As Covid lockdowns have eased, employment among Latinas is recovering faster than among Hispanic men, said Mónica García-Pérez, an economics professor at St. Cloud State University in Minnesota, who specializes in labor economics.
So far, trucking isn’t attracting Latinas nationwide, but there may be regional increases in areas with concentrations of warehouses and distribution centers, García-Pérez said.
Those re-entering the workforce appear to be filling jobs in fields that have been more male-dominated, such as packing and shipping, she said.
Antoinette McIntosh, 42, was working as a financial adviser at an East Coast bank when the market crashed in 2008. Her job and her six-figure salary disappeared overnight.
A good friend, Robert Montgomery, who later became her fiancé, told her to cash in on her love of driving and join him at his company as a truck driver.
The company they worked for paid for her transportation to Salt Lake City and training in exchange for the couple’s working for the company for a year.
“I’ve been in it ever since,” said McIntosh, who is Black and Puerto Rican and lives in the Cleveland, Mississippi, area. She has been a truck driver for 15 years.
McIntosh’s father also had been a truck driver, and her parents “did everything they could to keep me out of a truck,” she said. Trying to fulfill their wishes, she went to college, double-majored in psychology and social work and “made everyone else happy.”
McIntosh now makes more than she did at her bank job, she said.
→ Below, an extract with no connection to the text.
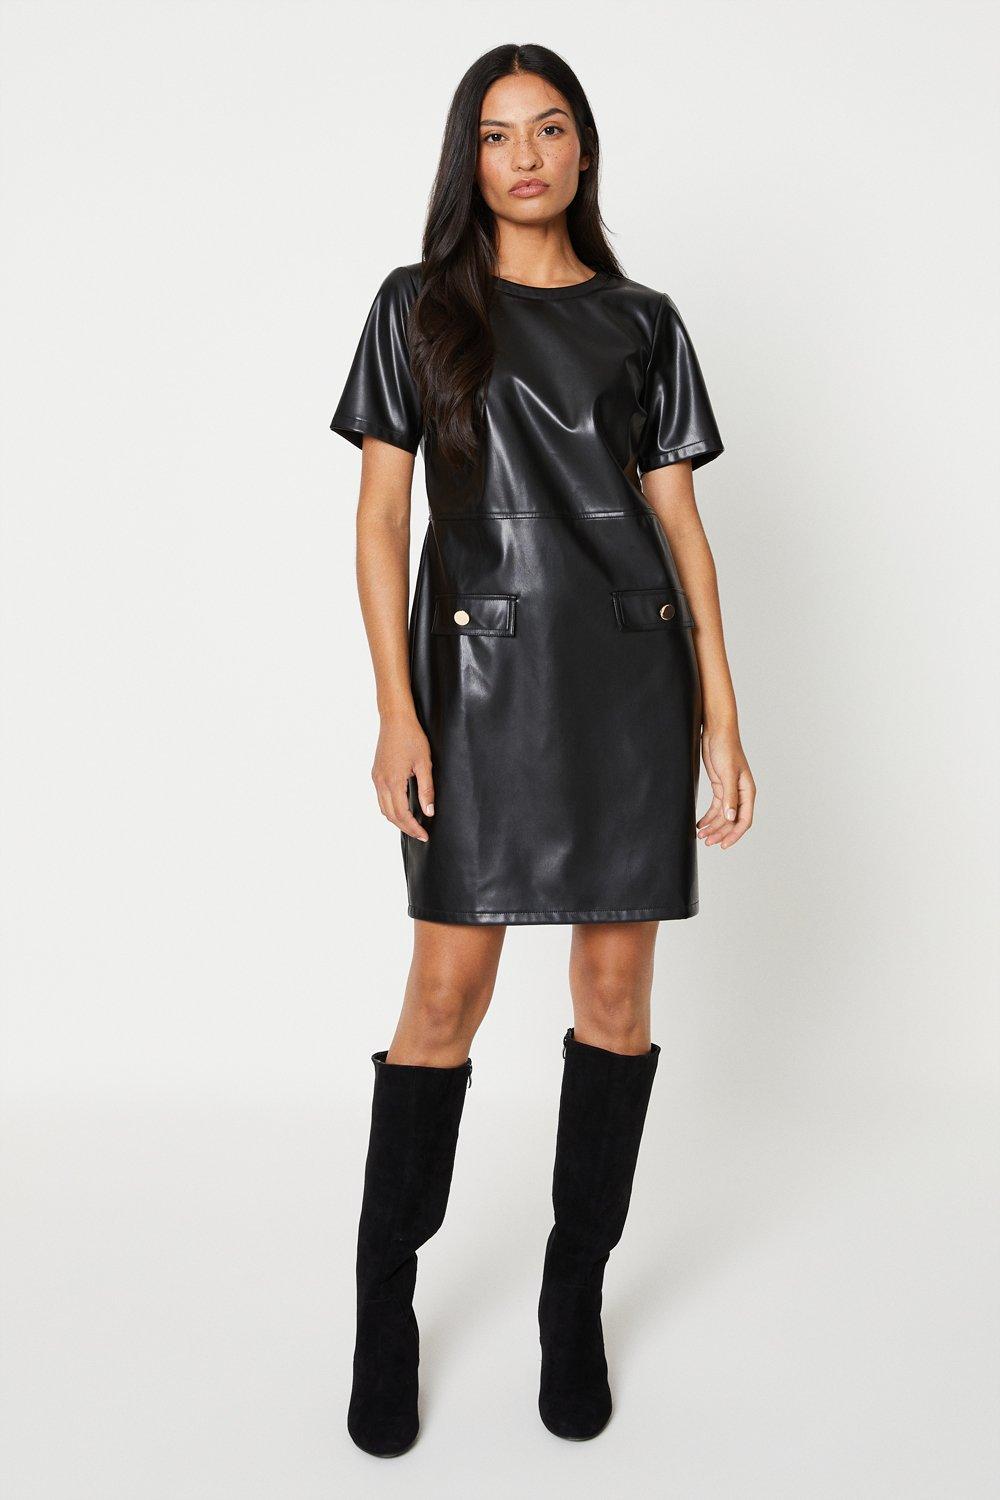 Women’s Short Sleeve Pocket Front Pu Dress - black - 12
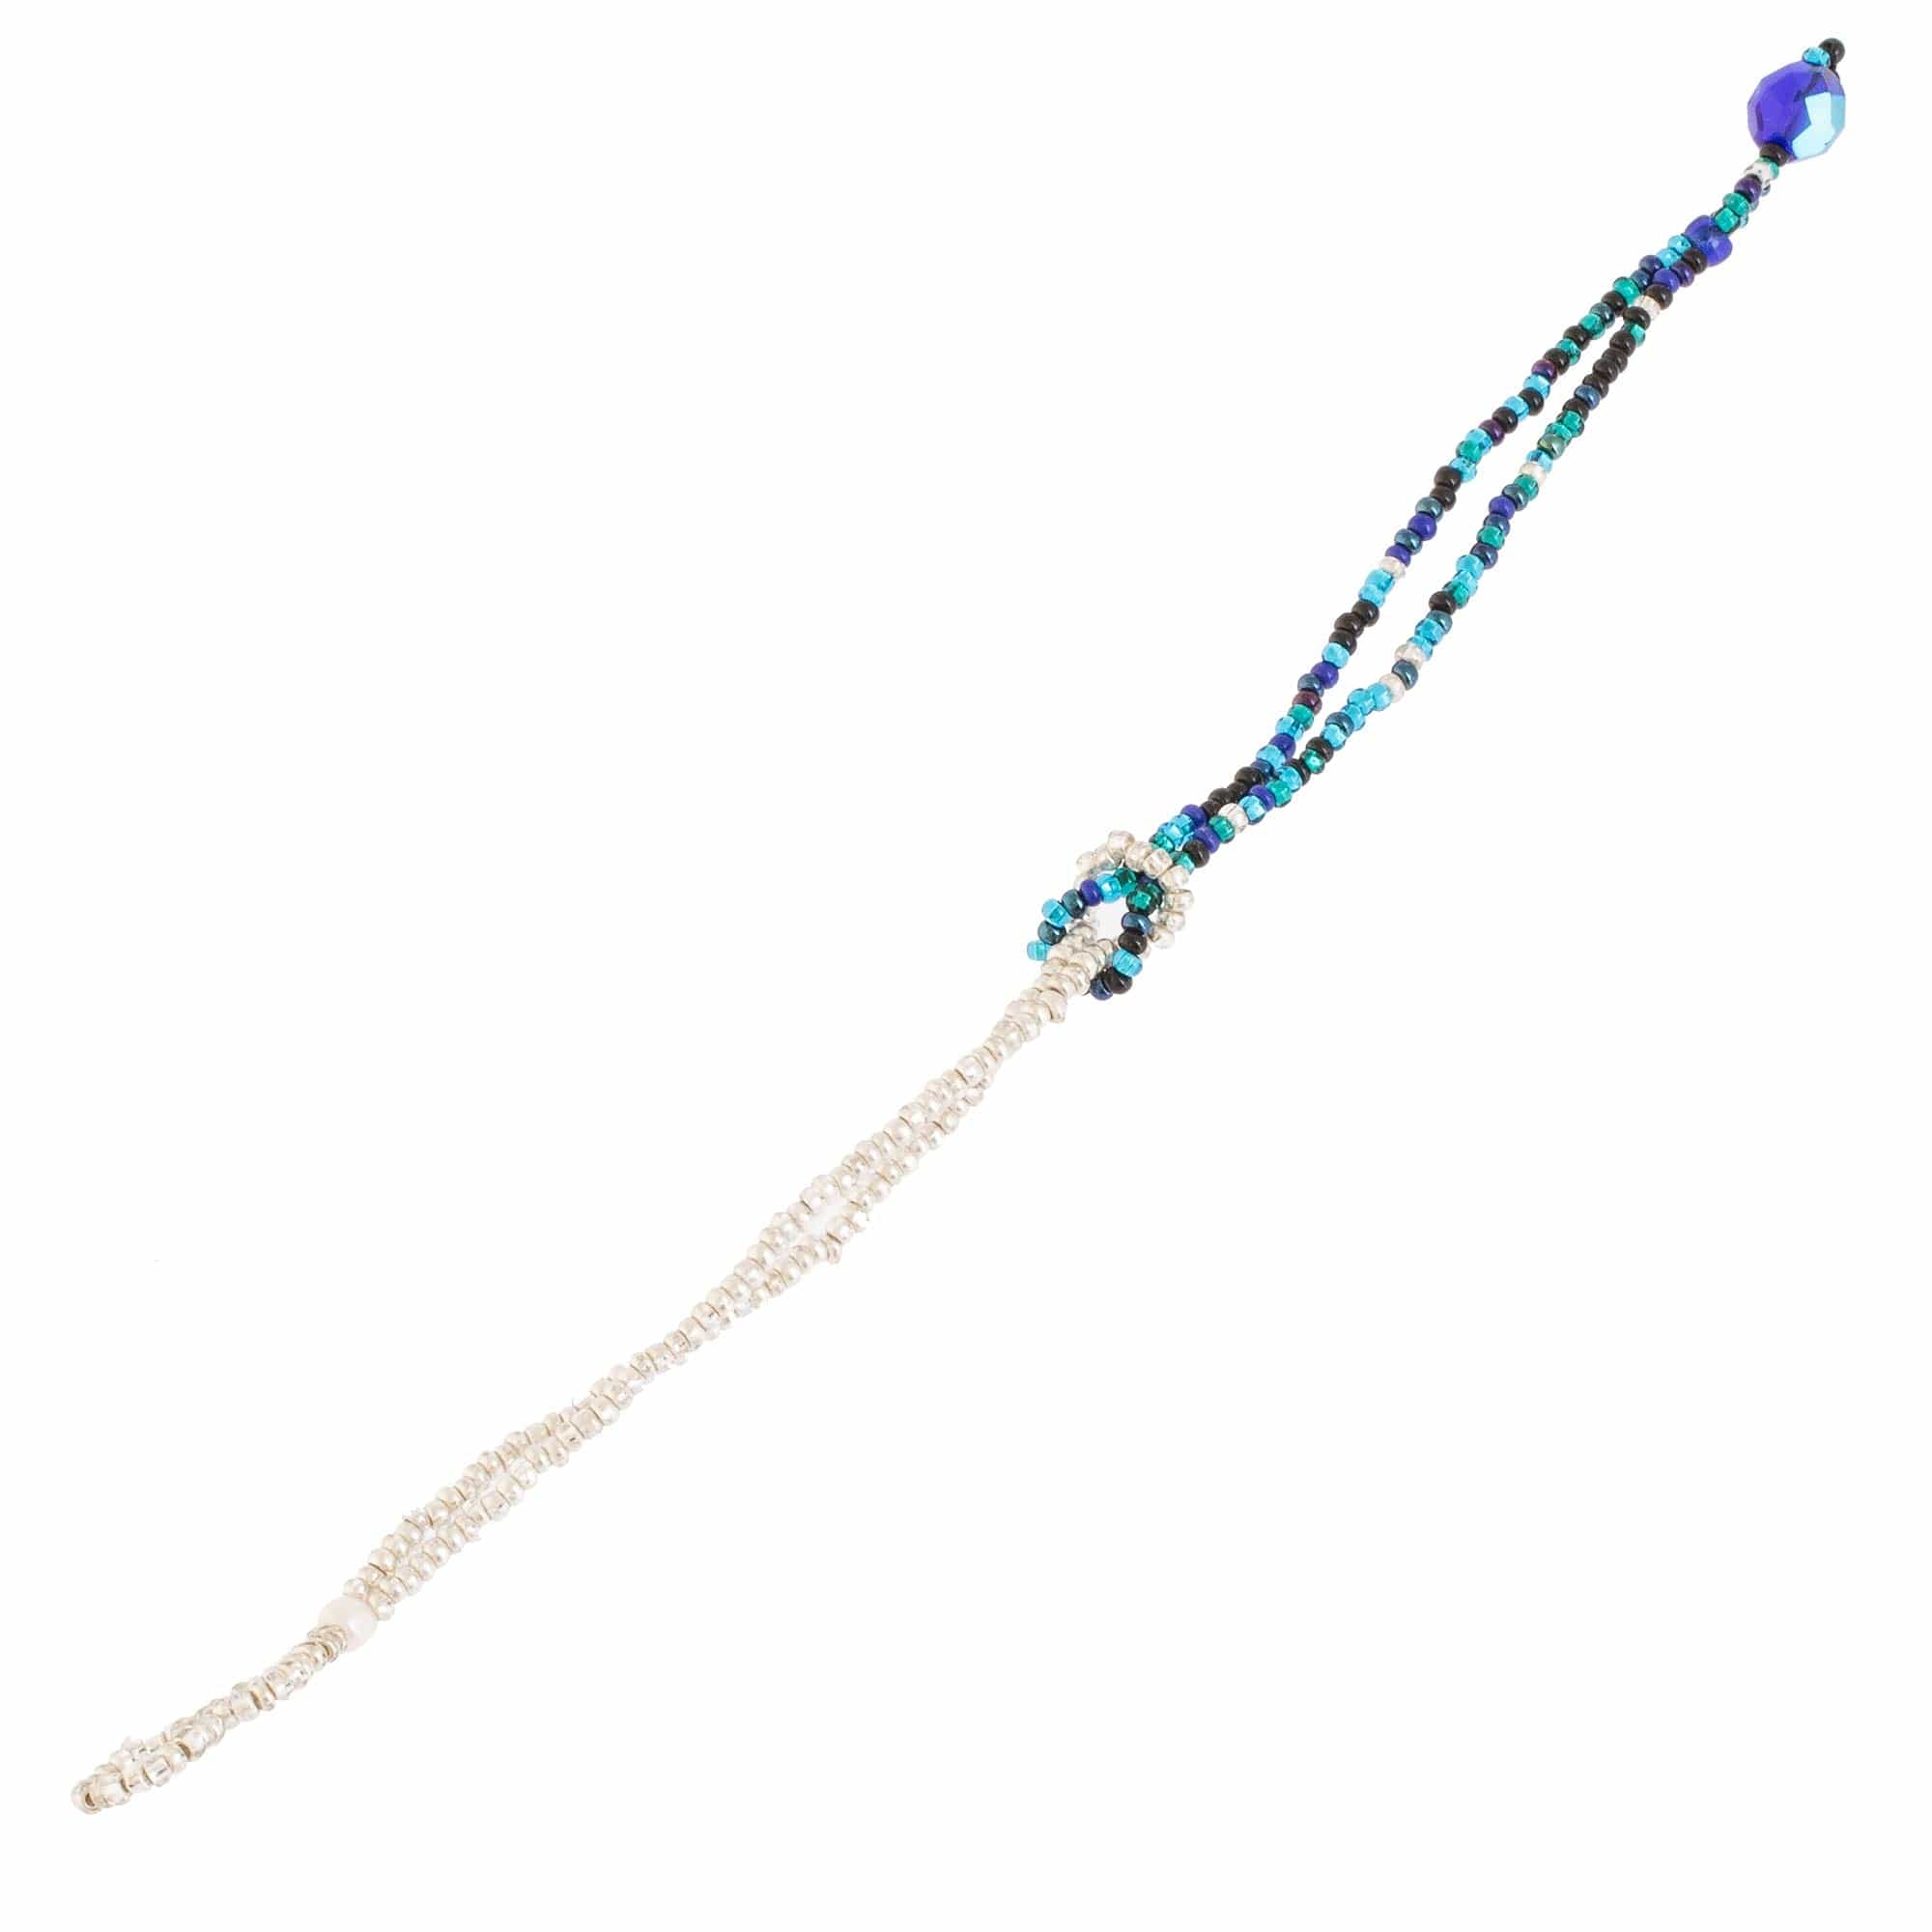 NEW! Right Angle Weave Glass Bead Bracelet Kit (Green & Peach) –

“What a lot of people don’t tell you is this pays you better than a white-collar job in a lot of businesses, so it’s not so much of a stigma anymore,” McIntosh said.
Shifting in the pandemic
Rosio Villagrana, 35, got her Class A truck driver’s license on July 30. The company that hired her told her it hadn’t had a female truck driver for several years, she said.
She had worked in and managed a pawn shop for about a decade. But her friends’ work driving semi-trailer trucks had long intrigued her.
With time on her hands and feeling restless confined to work and home early in the pandemic, Villagrana decided to give truck driving a try.
“Why not?” she recalled saying. “I’m so for women empowerment. I feel like we are capable of what we do, plus more, especially in this male-dominated industry.”
Ultimately, her goal is to be an owner-operator and one day own her own fleet of trucks.
Tracy Barajas, 27, of Corona, California, has been driving trucks for three years. She had worked in online fashion stores and as a dispatcher for a plumbing company.
Her boyfriend, Oscar Hernandez, and cousins, who were truck drivers, inspired her to make the jump into trucking, she said.